The XX Factor

It’s Official: Birth Control Pills Prevent Endometrial Cancer

Photo illustration by Lisa Larson-Walker. Photos by Victor_Tongdee/iStock/Thinkstock and Fuse/Thinkstock.

Since the 1960s, an uneasy question has been whispered among medical communities, media, and feminist circles: Could the birth control pill—arguably the most important innovation for women of the 20th century, if not the past 2,000 years—cause cancer? It’s now been decades since oral contraceptives were first developed, but the dozens of research studies conducted in those years have clashed on the answer. Some suggest that the hormones in the pill increase a woman’s risk of developing certain cancers; others claim the opposite, or that they have no effect at all. Even the National Cancer Institute lacks a clear answer, noting that studies on the matter “have not always been consistent.”

Here now is a study that ends the debate for at least one form of cancer: endometrial cancer, which grows in the lining of the uterus and usually affects women after menopause. Endometrial cancer is the most common gynecologic cancer in the United States, and it caused 76,000 deaths worldwide in 2012. Researchers from the Collaborative Group on Epidemiological Studies on Endometrial Cancer have put together a massive study showing that birth control pills provide substantial protection against the development of this type of cancer.
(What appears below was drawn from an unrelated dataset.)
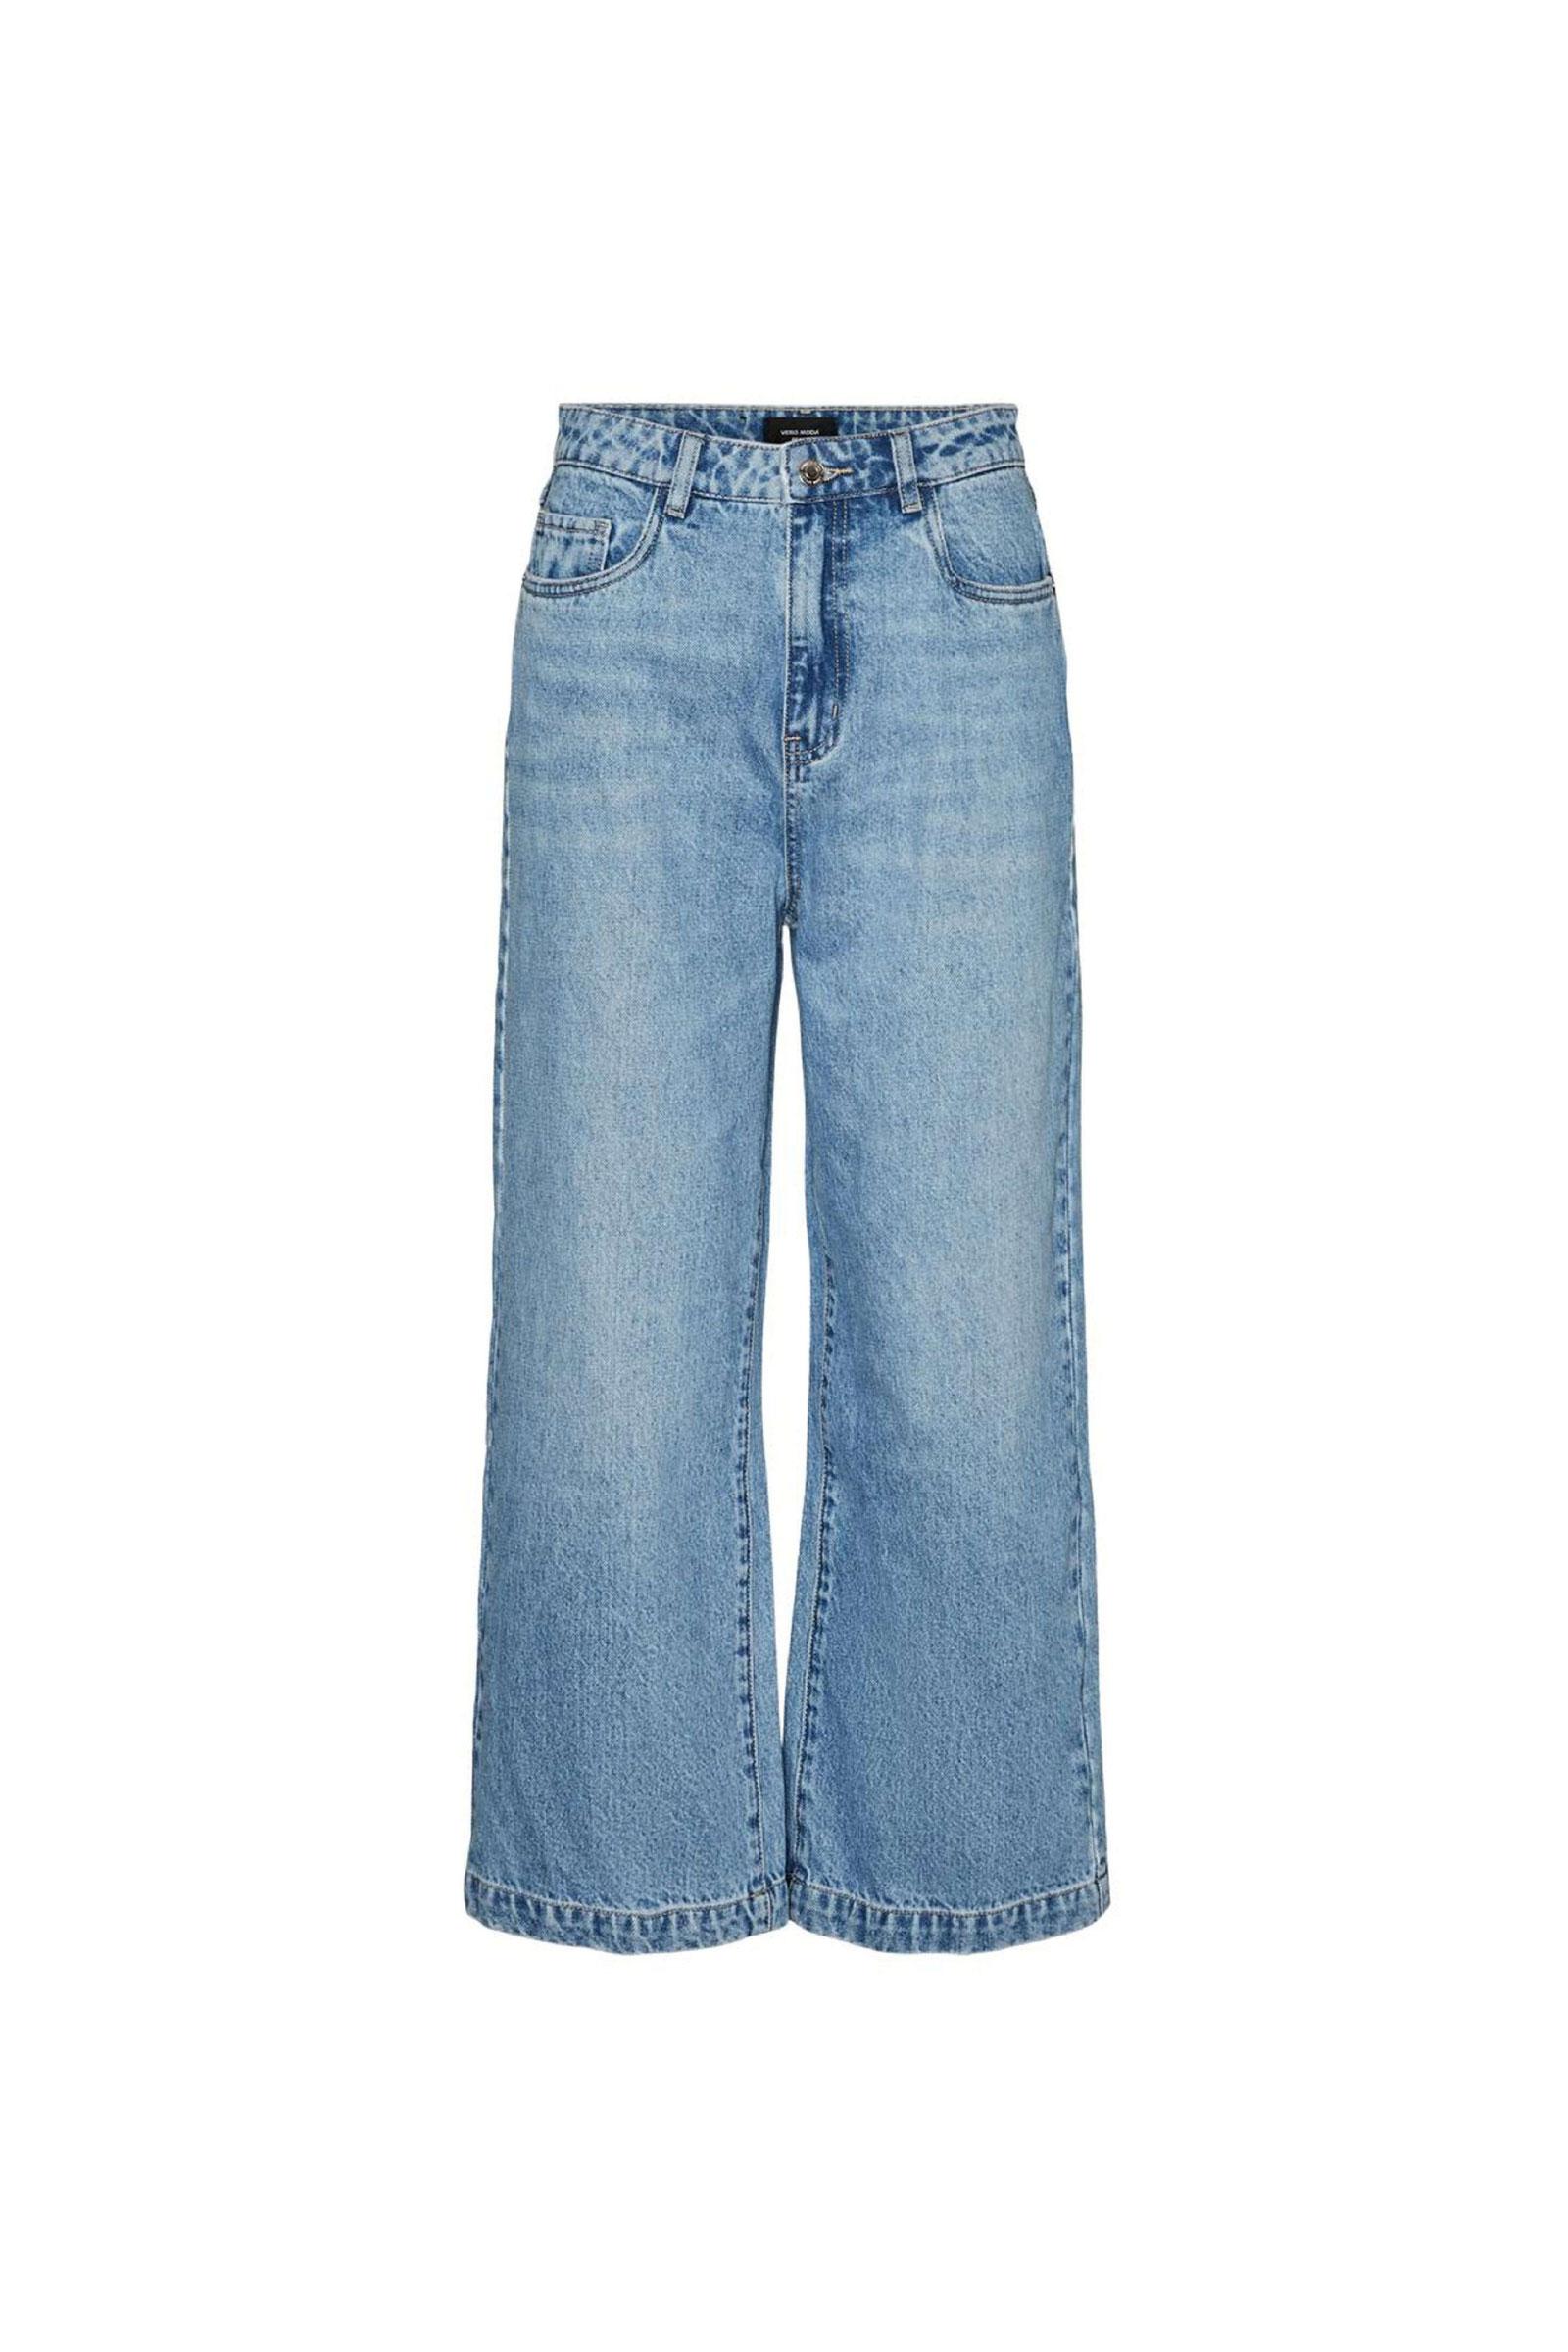 VERO MODA Jeans Donna Modello KATHY VERO MODA | Jeans | 10245416Light Blue Denim

The researchers, who are putting out their findings this week in the prestigious journal Lancet Oncology, looked at more than 27,000 cases of endometrial cancer and more than 115,000 control cases in 36 studies across the world. They confirmed that women who used birth control pills experienced a long-term decrease in endometrial cancer risk, regardless of reproductive history, ethnicity, alcohol and tobacco use, and other factors. The protective effects even carried over decades after women stopped taking the pill.

A graph from the study showing that birth control use decreases the risk of endometrial cancer, even after it’s discontinued.

Lancet Oncology

In short, here’s what the findings reveal: By taking oral contraceptives for just five years, a woman’s risk of developing the cancer can be cut by roughly a quarter. That risk shrinks even further with five more years of use. And, combining these findings with the prevalence of oral contraceptive use in developed countries, it can be estimated that in the past 50 years, birth control pills have prevented roughly 400,000 cases of endometrial cancer before the age of 75 in high-income countries, including 200,000 cases in the last decade alone. Those are staggering numbers. 

The study shows that massive, in-depth analyses can finally clear up the relationship between birth control hormones and cancer. Oral contraceptives aren’t some specialty industry, after all—they’re one of the most popular drug prescriptions around the world, used by more than 10 million women in the U.S. alone. Definitive information about their relationship to different types of cancer is a huge contribution to public health.